Artist

Amos White

Genre: Jazz ,New Orleans Jazz ,Classic Female Blues ,Early Jazz
Origin: U.S.A
Listen on Coda
Amos White receives only the briefest acknowledgment in the credits for a New Orleans jazz anthology, yet his contributions to that idiom form merely one chapter in a far more expansive musical existence that began well before the 1920s. His initial ensemble experience came with the Jenkins Orphanage Band, the celebrated alliance of a dedicated South Carolina music instructor and the gifted youths left parentless in late-nineteenth-century Charleston. The group undertook extensive regional circuits and multiple European tours before White, having reached the age limit, matriculated at Benedict College and later rejoined the institution as an instructor.

By 1913 he was traveling widely across the country, relying on his cornet to secure work with minstrel troupes and circus ensembles.
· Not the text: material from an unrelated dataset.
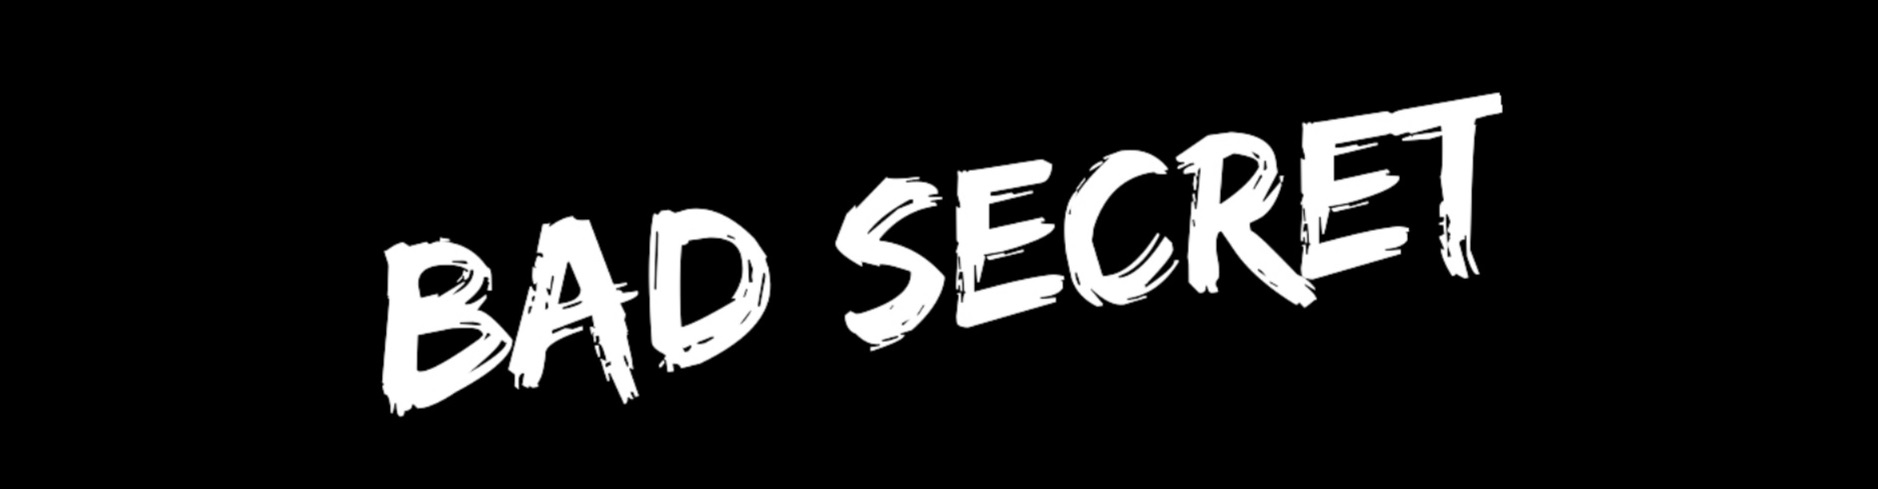 Bad Secret  [Full]

During the First World War he served in the 816th Pioneer Infantry Band, performing amid the devastated theaters of France. Settling in New Orleans in 1919, White worked days as a typesetter while spending evenings on trumpet alongside Papa Celestin, Fate Marable, and other local figures. Documentation of his activities becomes clearer in the mid-1920s, when he backed classic blues singers Mamie Smith and Lizzie Miles and held a steady chair in the Alabamians. In 1928 he assumed leadership of the Georgia Minstrels, steering the troupe northward in both geography and repertoire.

He next relocated westward, establishing himself in Phoenix, Arizona, where he played in the brass section of Bradley’s Dublin Orchestra, fronted his own small group, and explored Latin-inflected jazz with dance-orchestra directors such as Felipe López. These varied pursuits persisted in subsequent cities; from the mid-1930s onward he operated his own print shop in Oakland while remaining active on the regional club circuit. Well past seventy, he was still reported performing with marching bands throughout the 1960s.